Phase I/II study to evaluate consolidative hypofractionated radiation therapy for boosting the residual primary disease in combination with durvalumab after definitive chemoradiation therapy for stage III non-small cell lung cancer (NSCLC): study protocol for a prospective trial.

Recent advancements in the management of non-small cell lung cancer (NSCLC) have confirmed the utility of adding adjuvant immunotherapy to concurrent chemoradiotherapy in stage III disease but intrathoracic progression remains at high rate. Additional studies have sought to investigate the synergistic relationship of immunotherapy and radiation therapy (RT). The goal of this study is to evaluate the safety and efficacy of combining consolidative hypofractionated radiation therapy (hfRT) using stereotactic body radiotherapy (SBRT) technique for boosting the residual primary lung cancer with adjuvant anti-programmed death-ligand 1 (PD-L1) therapy concurrently after completion of definitive chemoradiation therapy (dCRT) in the rates of tumor control locoregionally and distantly. Eligible subjects with stage III NSCLC must have gross residual tumor that is smaller than 5.0 cm in maximal dimension following dCRT. Consolidative hfRT will be delivered 1 to 2 months after finishing dCRT and concurrently with adjuvant anti-PD-L1 therapy using durvalumab. Consolidative hfRT will start from 6.5 Gy ×2 fractions and dose escalate to 10 Gy ×2 fractions in a 3+3 design. At the final determined consolidative hfRT dose level, a total of 32 subjects with pathologically documented stage III NSCLC treated with two or more cycles of platinum-based doublet chemotherapy concurrently with RT will be enrolled for data analyses. We hypothesize that the use of consolidative hfRT directed to the residual primary lung tumor in combination with adjuvant anti-PD-L1 therapy will provide additional immunostimulation and therefore improved locoregional and distant control when compared to either modality used independently. Clinicaltrials.gov: NCT04748419.

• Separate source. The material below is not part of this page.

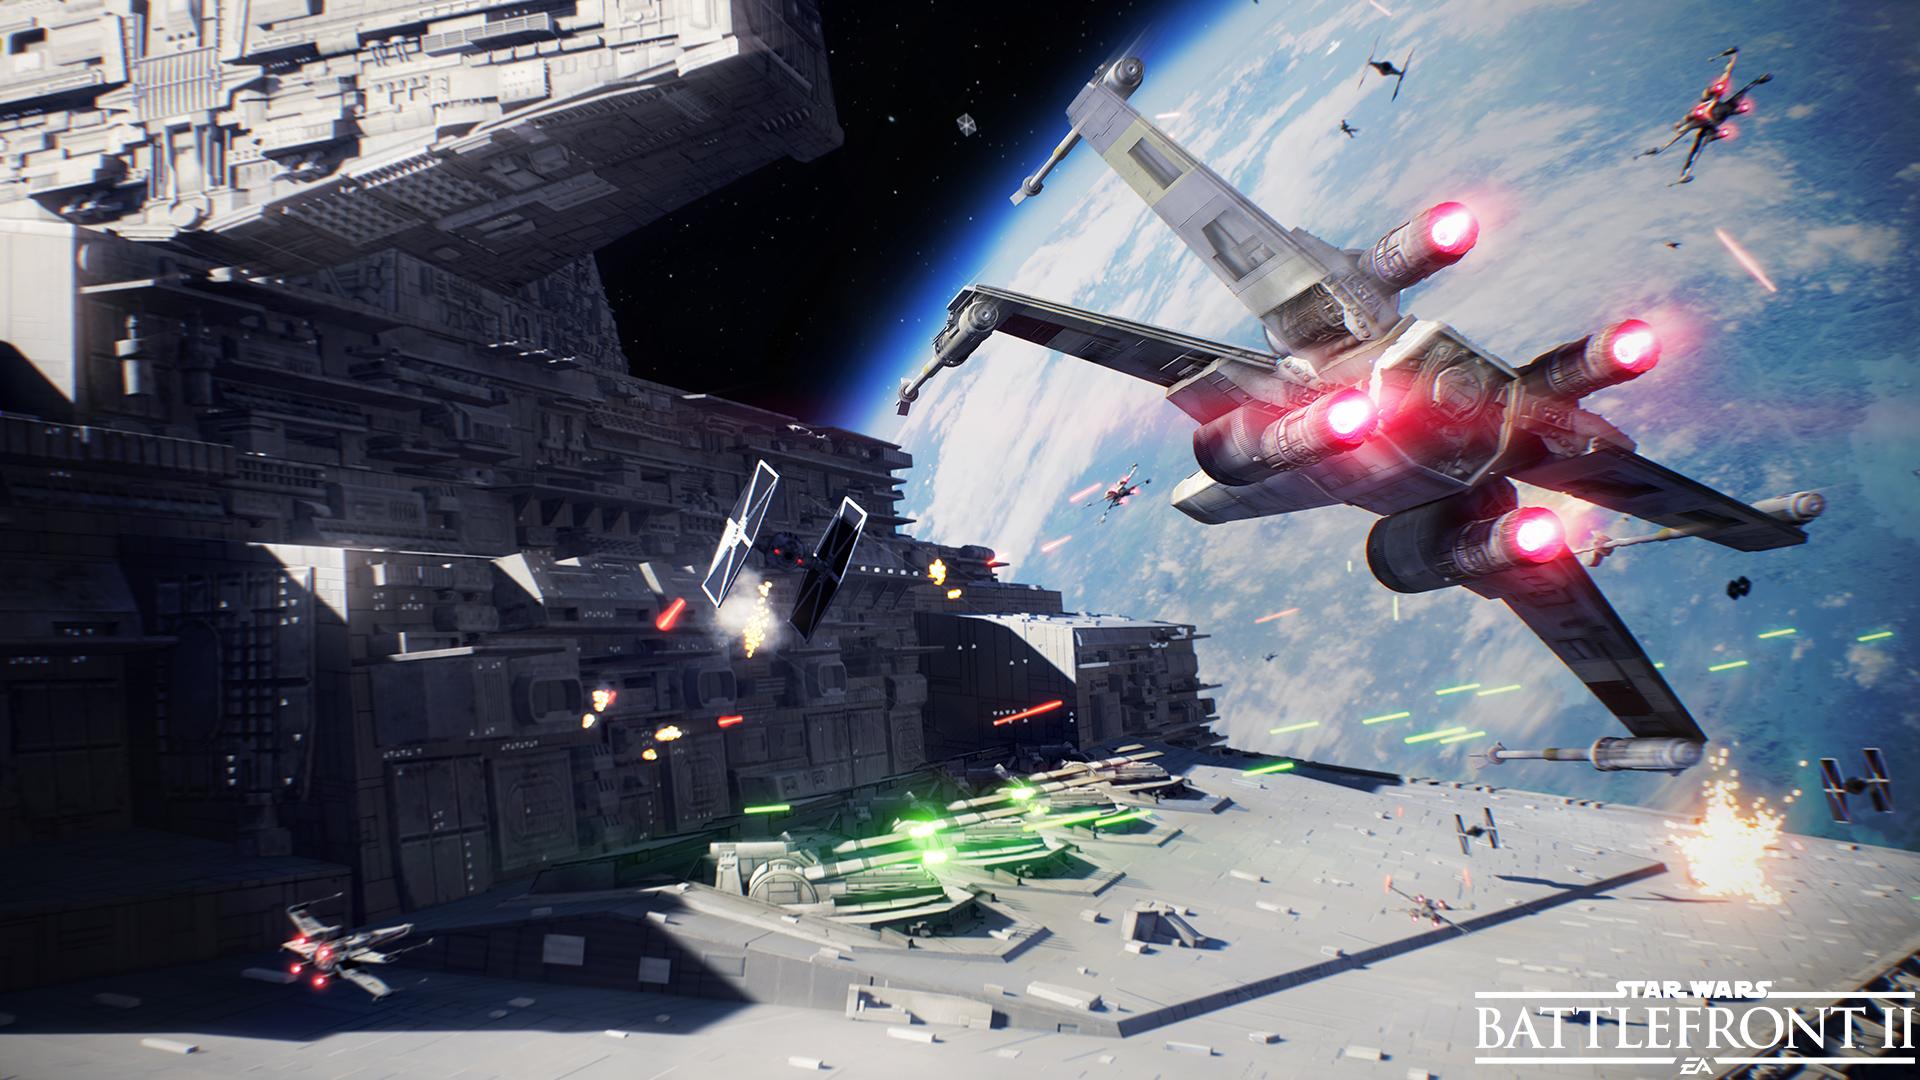 battlefront ii star wars gioco trailer leakato battaglie spaziali

2024 Journal of Thoracic Disease. All rights reserved.

Conflicts of Interest: All authors have completed the ICMJE uniform disclosure form (available at https://jtd.amegroups.com/article/view/10.21037/jtd-23-304/coif). C.Z. received grand funding from AstraZeneca, Inc., clinical trial research funding from BioMiMetix, and travel support from GTMedical Technologies. C.Z. reports a US Provisional patent (63/164,215) issued which is unrelated to the current study. A.K.G. reports Grants to his institution from Veterans Health Administration Office of Research and Development, Merck, TAB Biosciences, NEKTAR Therapeutics, Mirati Therapeutics, IOVANCE Therapeutics, Apexigen; Royalties from Oxford University Press; Consulting fees from AstraZeneca, Flagship Biosciences, G1 Therapeutics, Jazz Pharmaceuticals, Cardinal Health, Mirati Therapeutics, Beigene Ltd., Sanofi Genzyme, Blueprint Medicines, Regeneron Pharmaceuticals; Honoraria for lectures from MedLearning Group and Plexus Communications; DSMB for YmAbs Therapeutics; Leadership roles in Academic and Community Cancer Research United (ACCRU) and A Breath of Hope for Lung Cancer (ABOHLC); Receipt of drugs to the institution from Takeda Pharmaceuticals and Chimerx. C.W. reports funding from Chi Zhang’s grant (PI Astra Zeneca Pharmaceuticals IIT Grant; UNMC project number MEDI4736). The other authors have no conflicts of interest to declare.